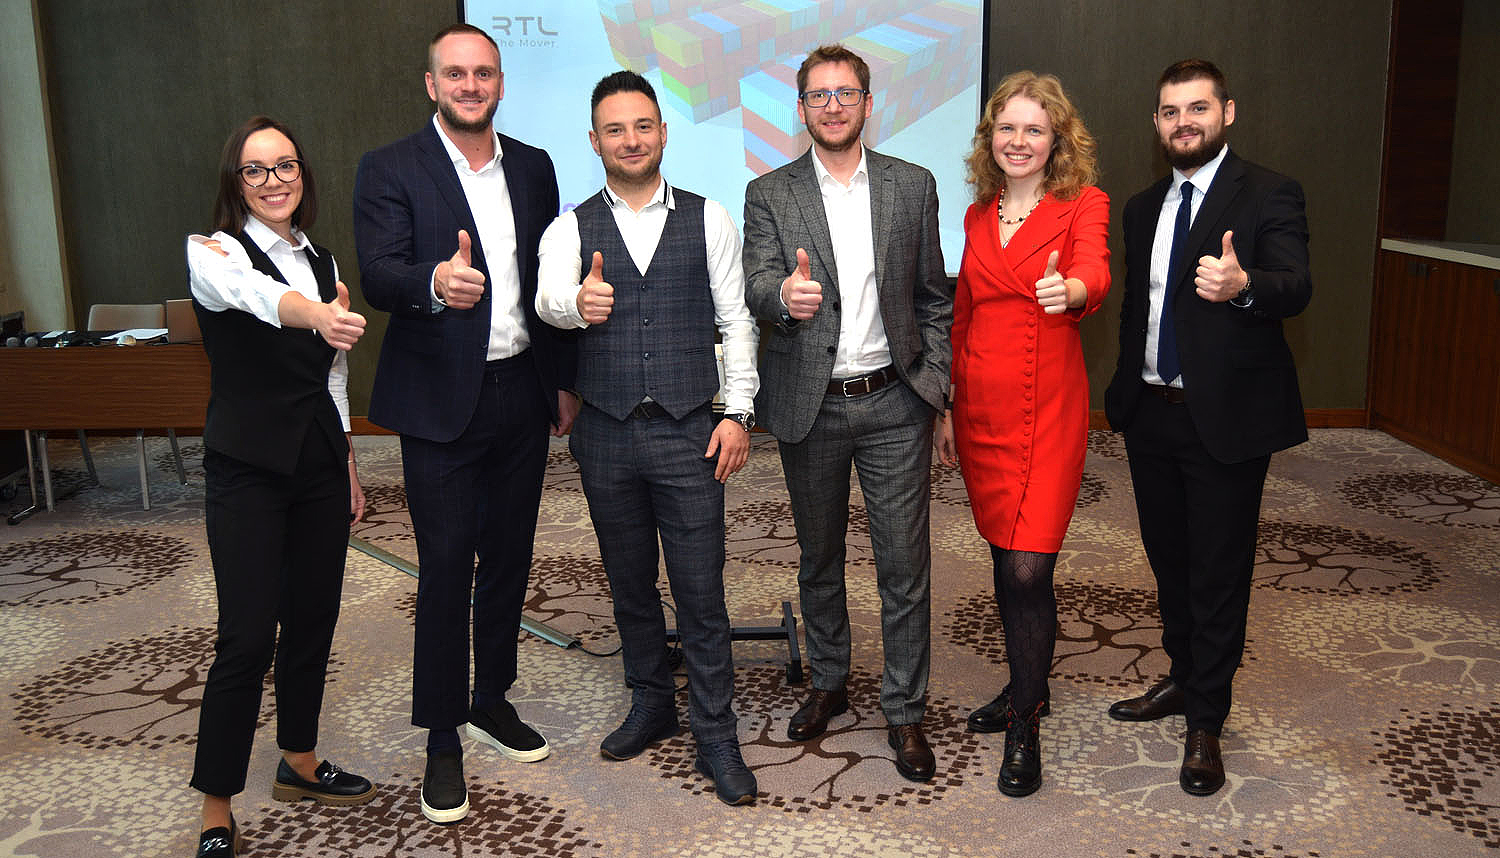 RTL Alliance business meeting in Minsk
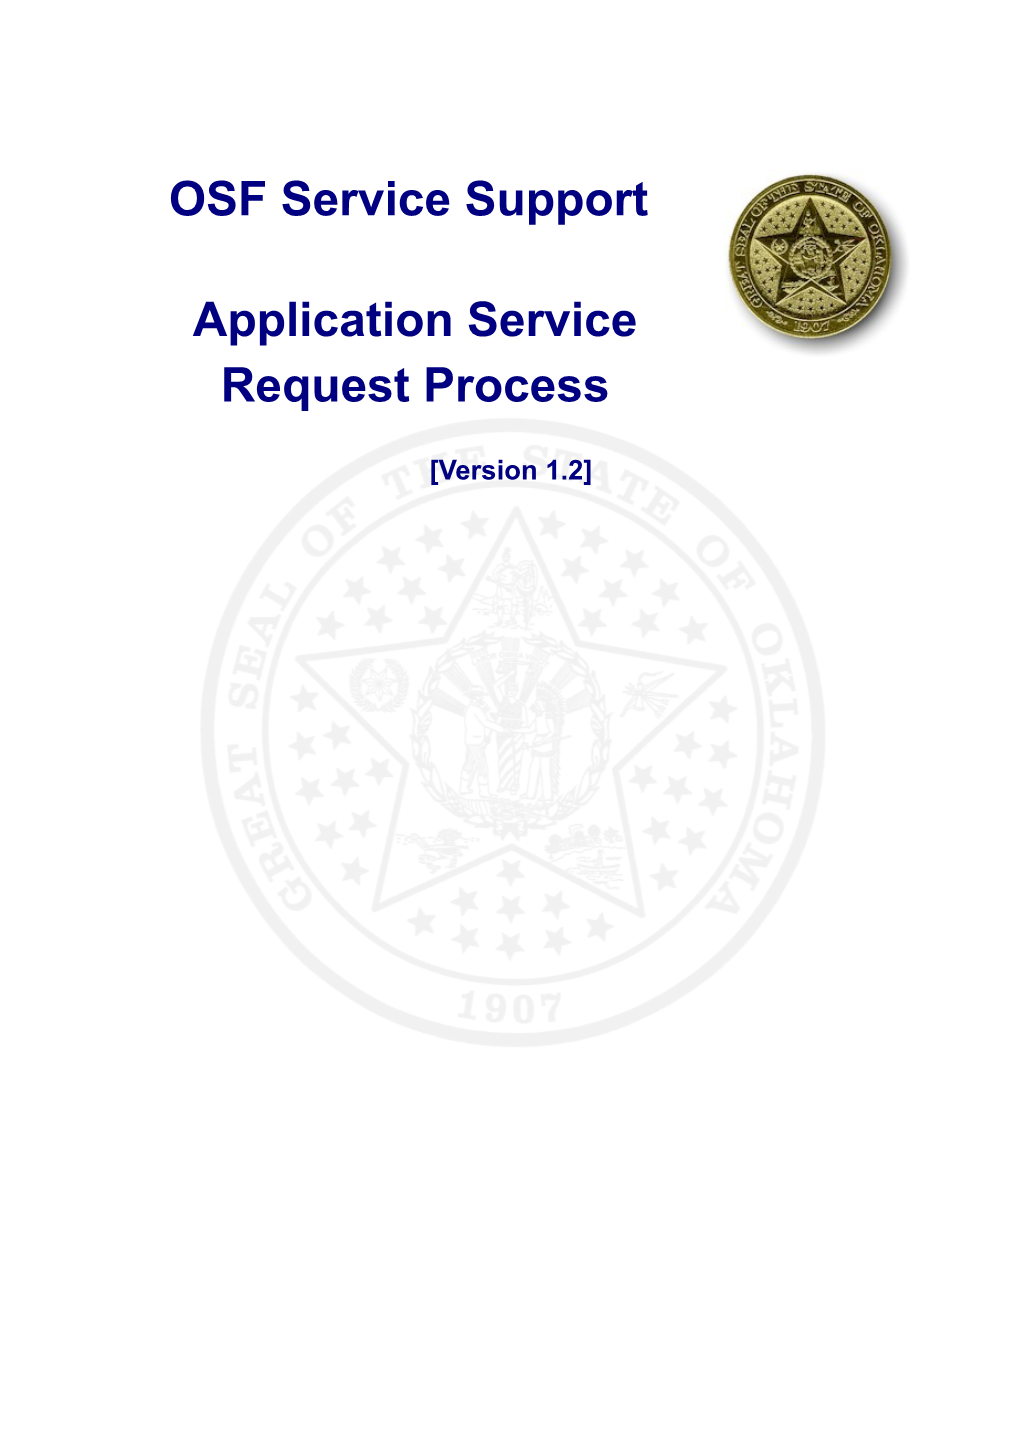 Application Service Request Process
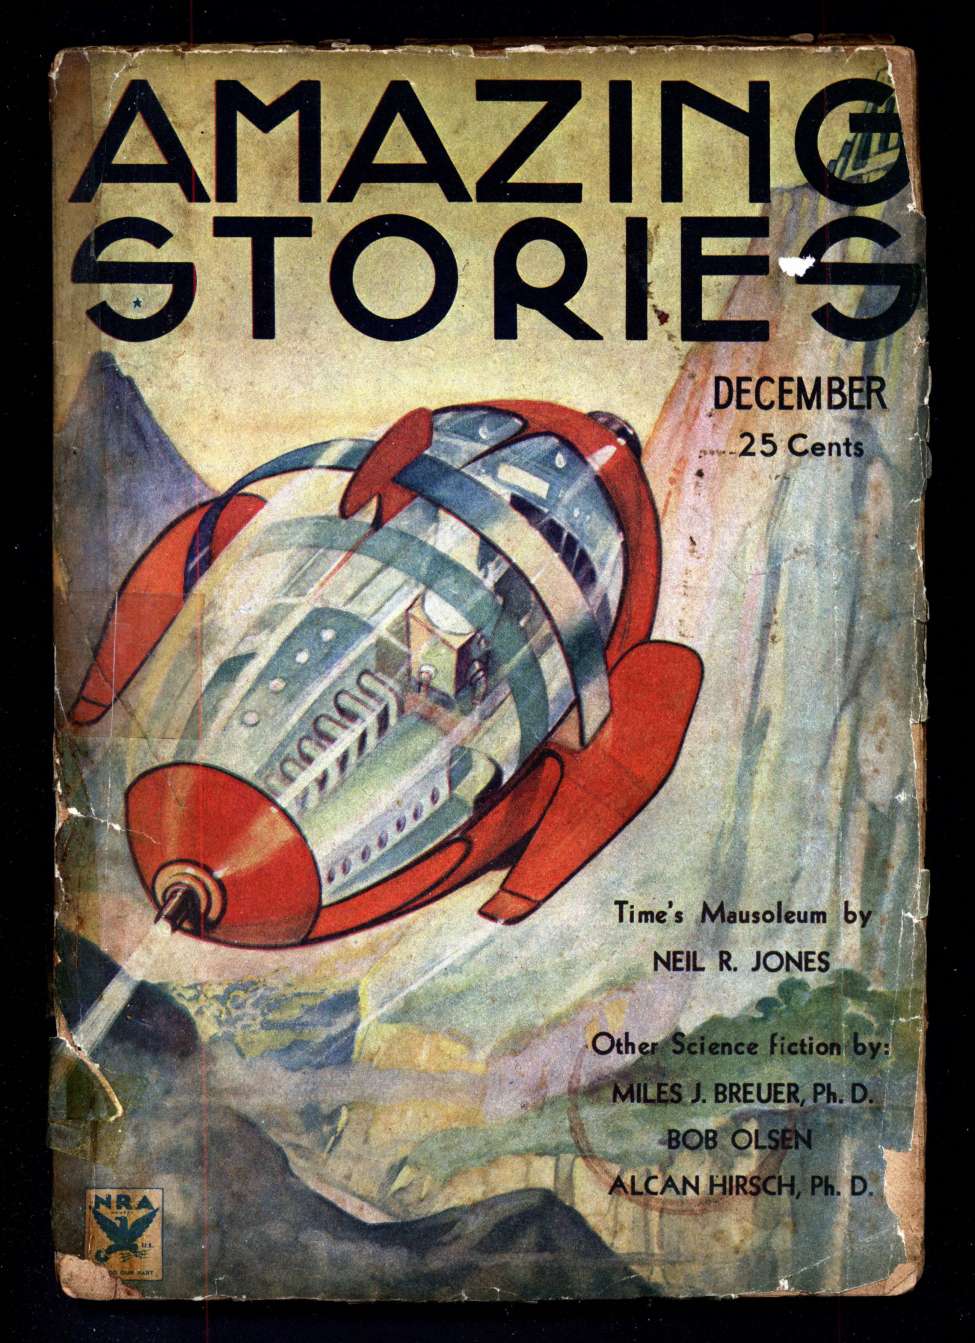 Book Cover For Amazing Stories v8 8 - Time's Mausoleum - Neil R. Jones

WORK REQUIRED:
Skip the images and write out the rest of the listing exactly.

EXERCISE RESPONSE:
 RTL Alliance business meeting in Minsk
 Application Service Request Process
 Book Cover For Amazing Stories v8 8 - Time's Mausoleum - Neil R. Jones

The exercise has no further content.